Data section:
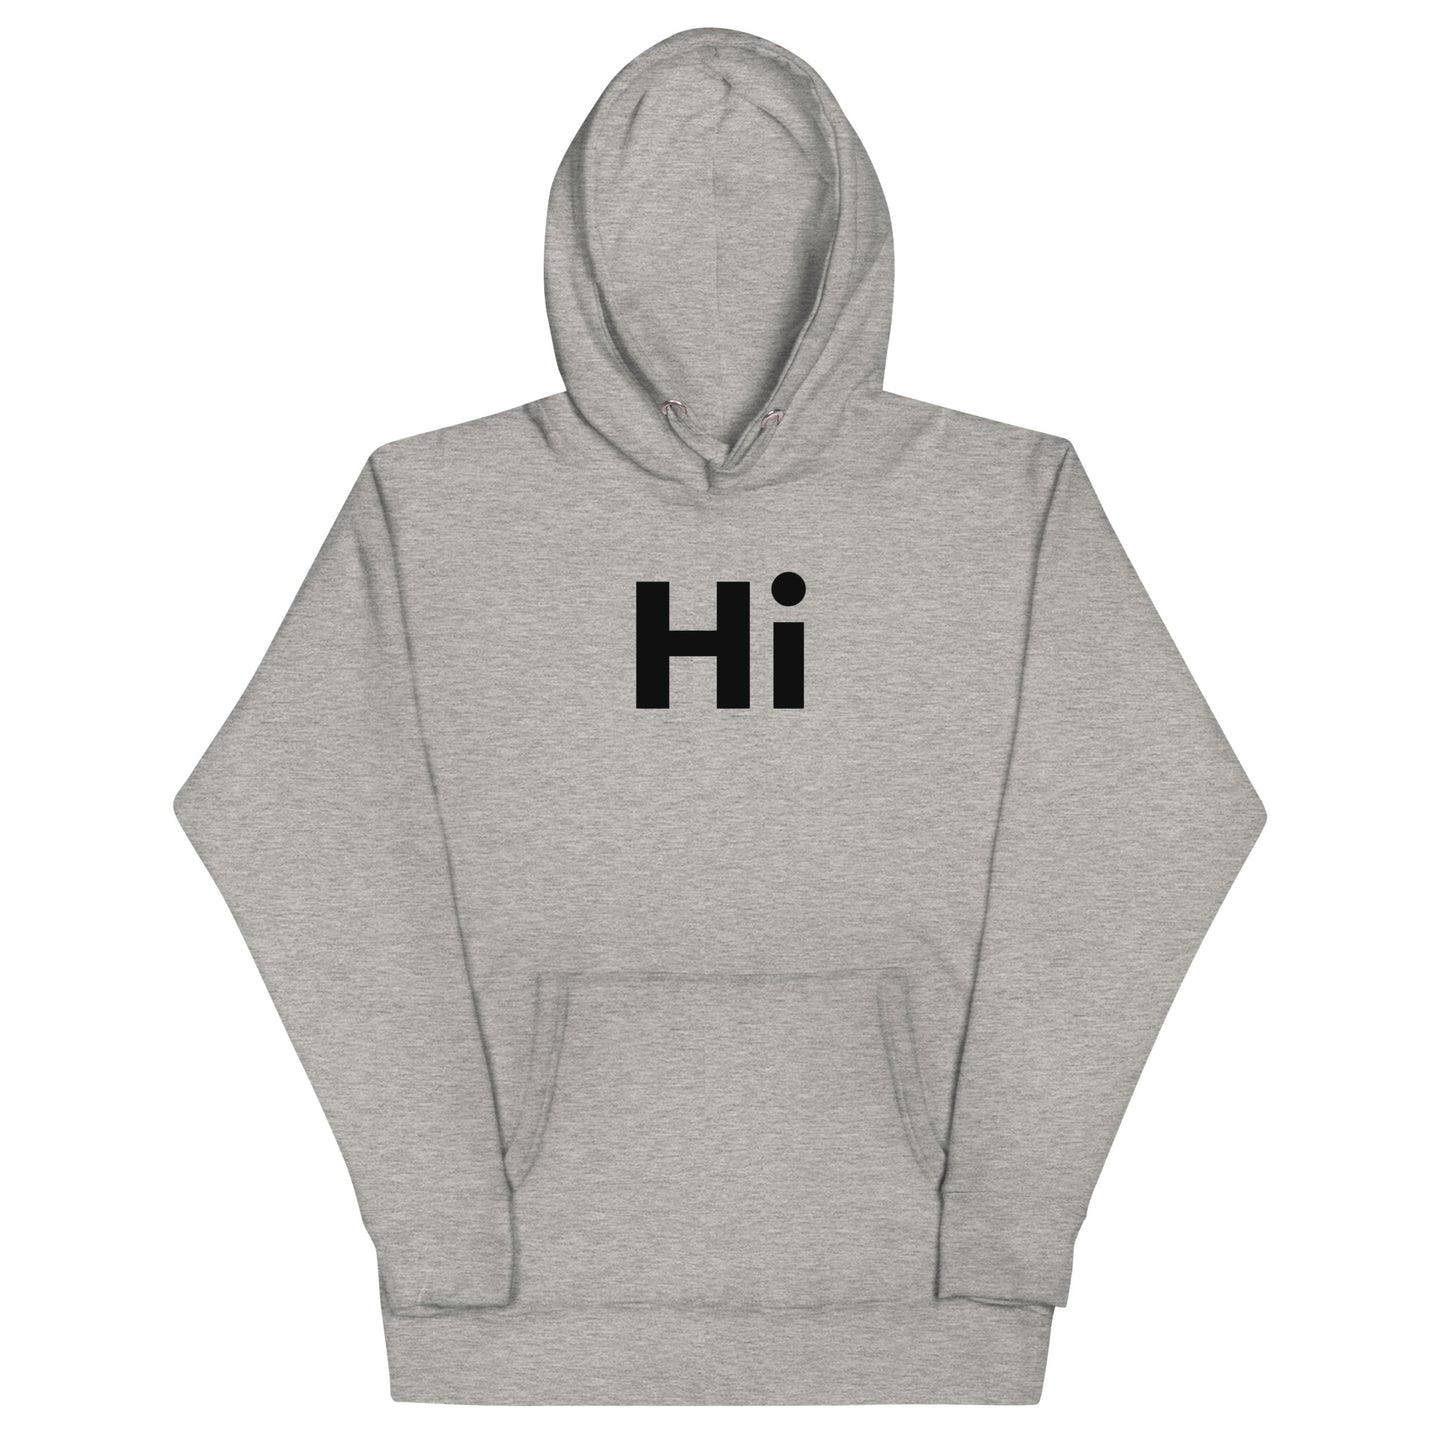 Hi Hoodie in Grey by Happy interactions
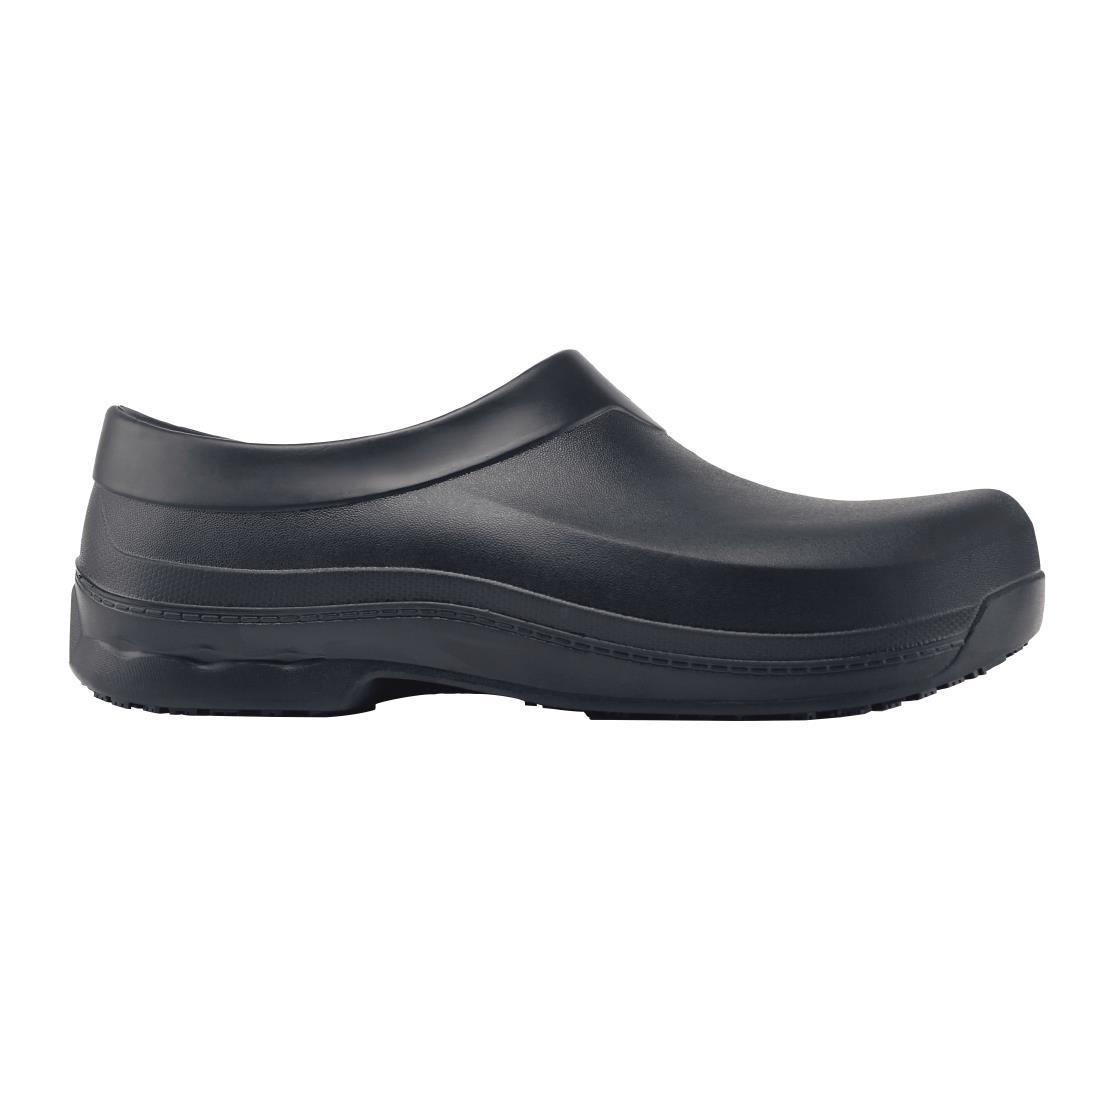 Shoes for Crews Radium Clogs Black Size 46 - BB581-46  - 1
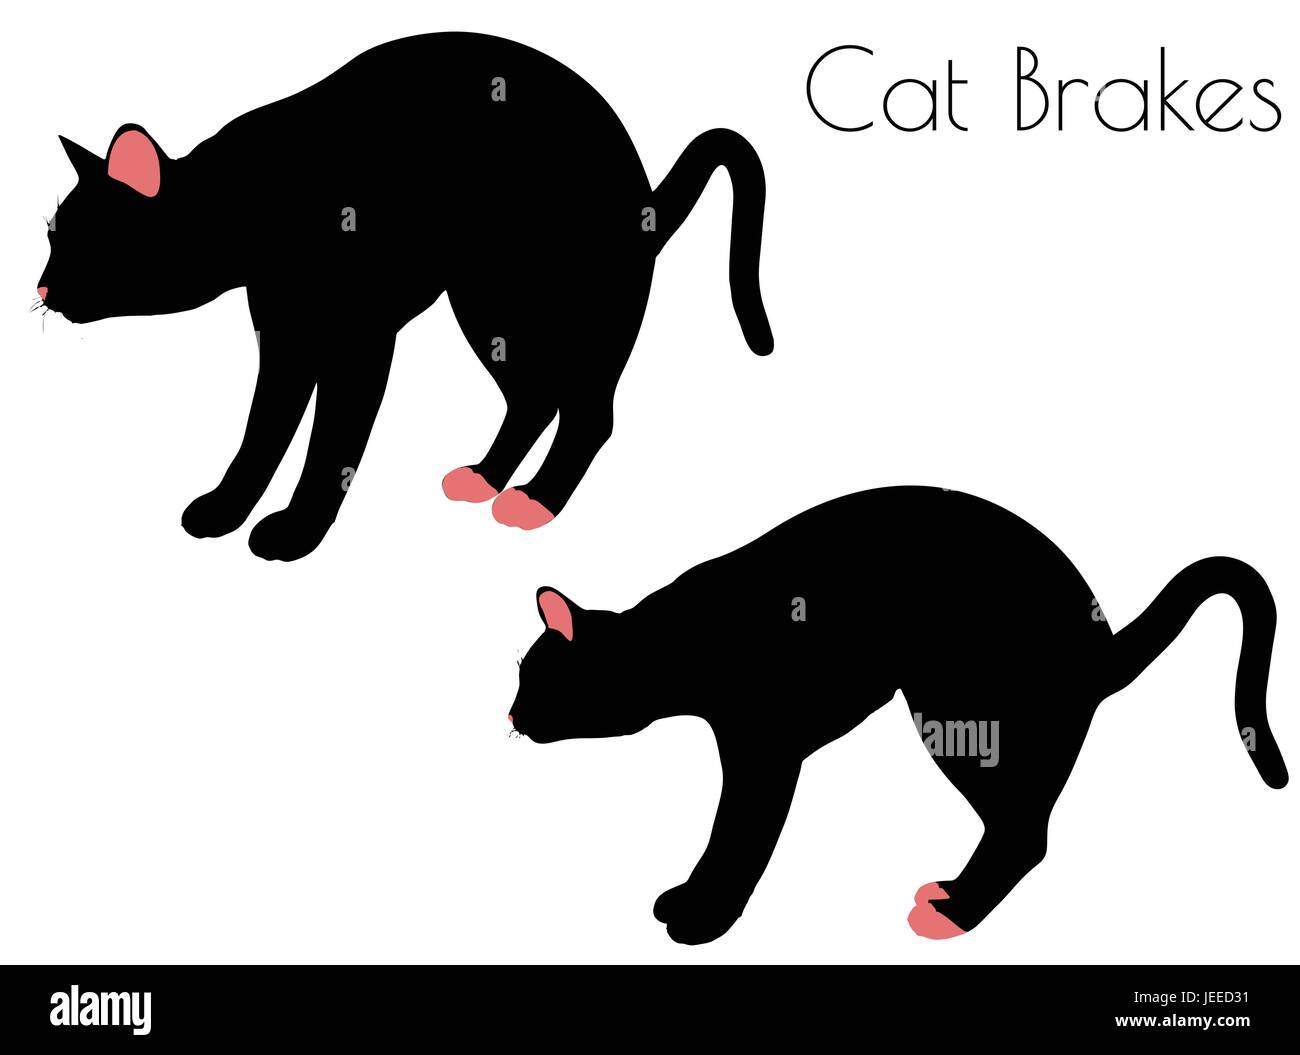 EPS 10 vector illustration of cat silhouette in Brake Pose Stock Vector

Task description:
Each line above should be returned exactly as it stands, minus any pictures.

Result of the exercise:
 Hi Hoodie in Grey by Happy interactions
 Shoes for Crews Radium Clogs Black Size 46 - BB581-46  - 1
 EPS 10 vector illustration of cat silhouette in Brake Pose Stock Vector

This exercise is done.